При обыске у него ни хрена не нашли, но все равно заставили просидеть три часа в одних трусах на «хулиганке», как они называли деревянную скамью в отделе полиции. Демонстрация силы. Почище, чем Путин с его полетами над шведской территорией.
– Ты подозреваешься в крупной краже со взломом.
Никола представлял, что может попасться, прикидывал линию поведения, но никогда не думал, что отнесется к этому с таким безразличием.
– Мне нечего сказать. Я отрицаю все обвинения.
Оба снюта выглядели как опечаленные щенки. Они были явно разочарованы. Что они ждали? Что он встанет раком и пригласит их себя изнасиловать?
Они ушли и оставили его сидеть. В трусах.
Через несколько часов вернулись.
– Тебе лучше признаться, Нико. Это неподходящее место для тебя, ты еще слишком молод. Рассказывай, как было дело, и мы тебя отпустим. Поговори с матерью. Мы тебя подвезем, куда скажешь.
– Позовите врача.
Помолчал и повторил:
– Позовите врача.
И ничего больше. Ни слова.
Уснуть он не мог. Есть тоже не хотелось. Хотелось курить, а еще больше – выпить стакан кока-колы. Рука болела, хотя ему дали обезболивающие таблетки.
Он не знал и никак не мог вычислить, что им известно. Прикидывал: где они могли наследить. Дверные ручки? Сейф? Мотоцикл? Камеры наблюдения? Самое главное – он не знал и не мог представить, как работают полицейские собаки-ищейки. Этот зверь вынюхал именно его? Или мог ошибиться?

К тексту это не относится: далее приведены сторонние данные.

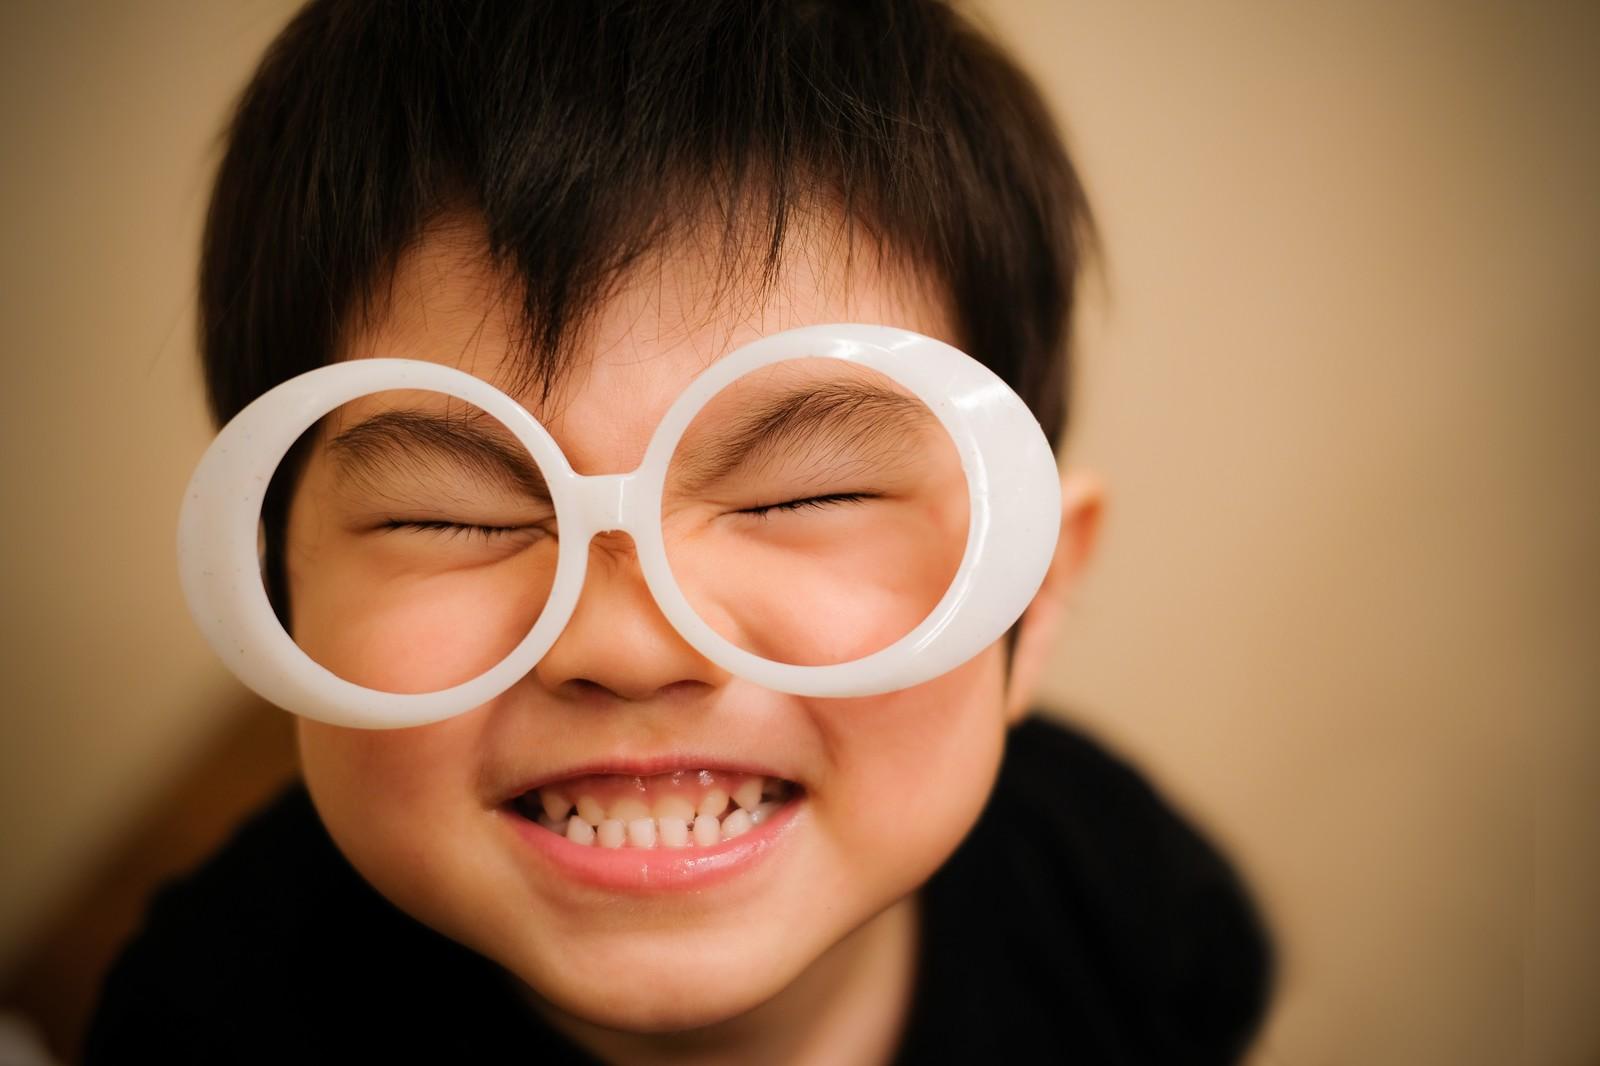 【大人数レクリエーション】子供が楽しめる人気の鉄板レク10選!

А снюты молчали. Вернее, не молчали. Повторяли одну и ту же мантру: «Колись, быстрее выйдешь на свободу».
Как только за ним закрылись двери камеры, он заплакал. Не мог удержать слезы.
Почему они не допросили его подробнее? Он знал закон: они не имели права задерживать его больше четырех суток без предъявления обвинения. И Хамон, и многие из приятелей в Спиллерсбуде через это прошли. Тюрьма лучше, чем предвариловка: в камере батарея, нормальная постель и телевизор. Не то что здесь. Гуантанамо.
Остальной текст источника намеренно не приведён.